Before a decision to work with local military units is made,
secondly, they and their prospective recruits must be carefully evaluated. Is
the unit a mainstay of an authoritarian, kleptocratic government, or of a
particular political leader? Is a single tribe, sect, ethnic group or other
network overrepresented in its ranks? Is U.S. support being used as a revenue
stream to enrich corrupt networks, or relieve the local government’s own
responsibility to provide for national defense? Have they refused to take
remedial measures when large-scale abuses have been documented? Any of these
factors are warning signs that U.S. counterterrorism support can be bent to
ulterior purposes, and might end up fueling popular grievances.
In cases where vetted units are judged to be appropriate
partners, America should not issue a blank check. Rigorous conditions and
oversight should govern military assistance and training. Indications of
financial irregularity, of gross recruiting bias or of inappropriate targeting
or other serious wrongdoing on the part of supported units should trigger an
automatic suspension of aid while an investigation is launched. Current U.S.

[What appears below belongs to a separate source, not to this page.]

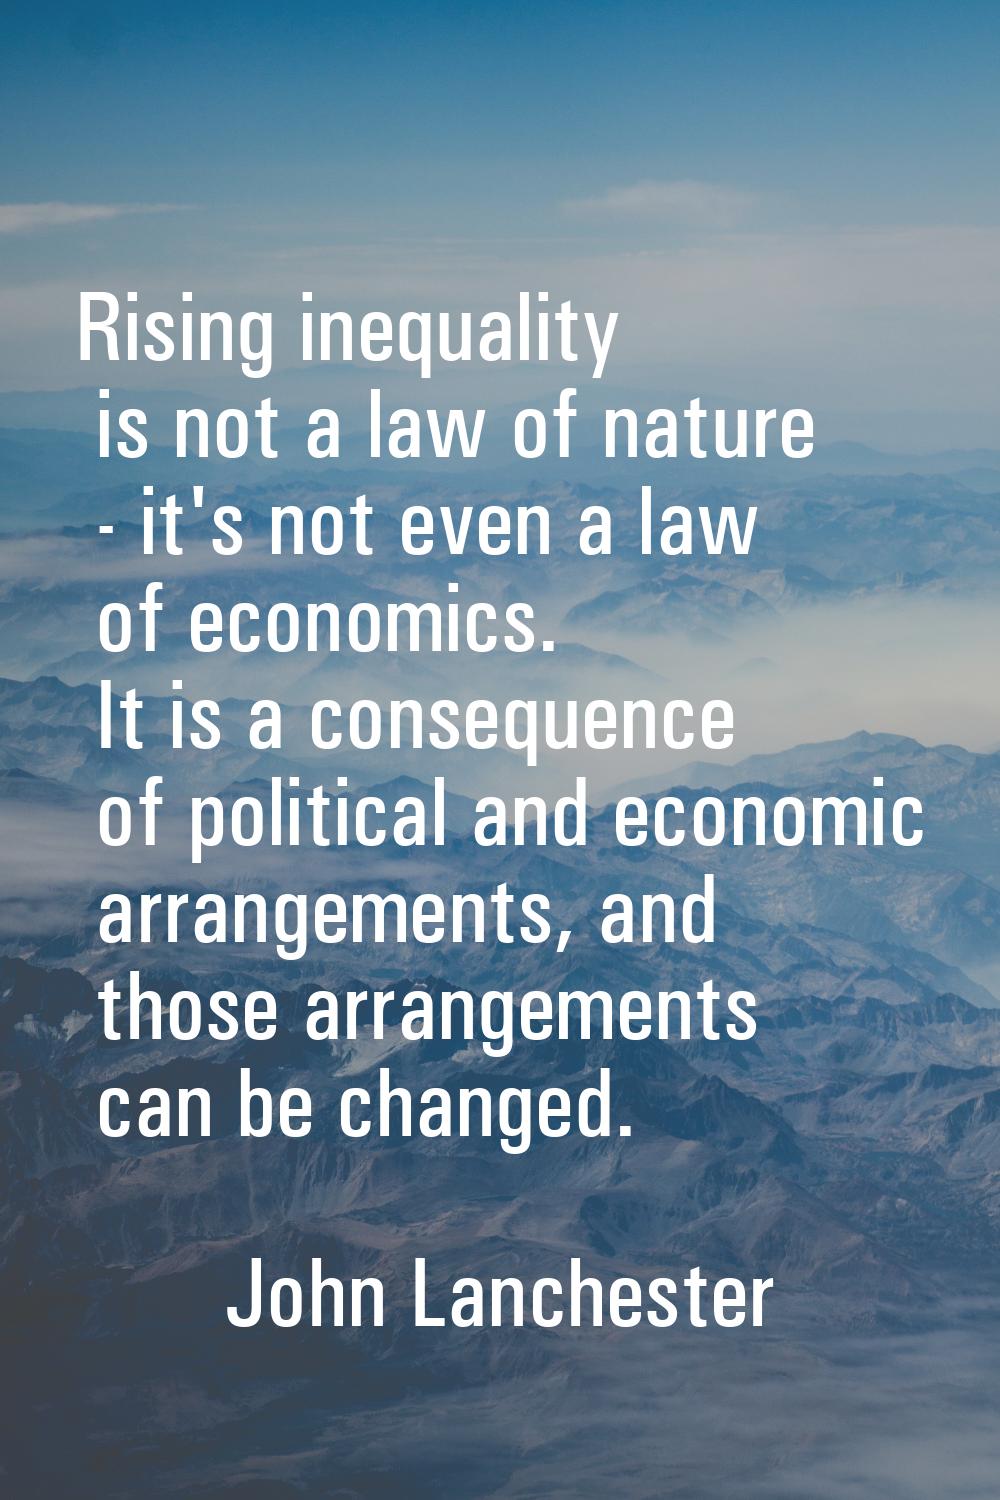 Rising inequality is not a law of nature - it's not even a law of economics. It is a consequence of

law provides for such procedures. Substantiated abuses should result in termination
of assistance and reimbursement of expenditures.
Finally, it is time for President Obama to back up his
proposition that force alone is not a sufficient response to extremist
violence. After two major counterterrorism speeches devoted to varieties of
military action, the president should unveil a civilian strategy that helps
push America’s allies in the fight against terrorism to undertake meaningful
political, economic and judicial reforms—in other words, to address the
well-springs of extremism—before insurgents are baying at the gates of the
capital city.
Sarah Chayes is senior associate in the Democracy and Rule
of Law Program at the Carnegie Endowment for International Peace.
Frederic Wehrey is a senior associate in the Middle East
Program at the Carnegie Endowment for International Peace. Politico.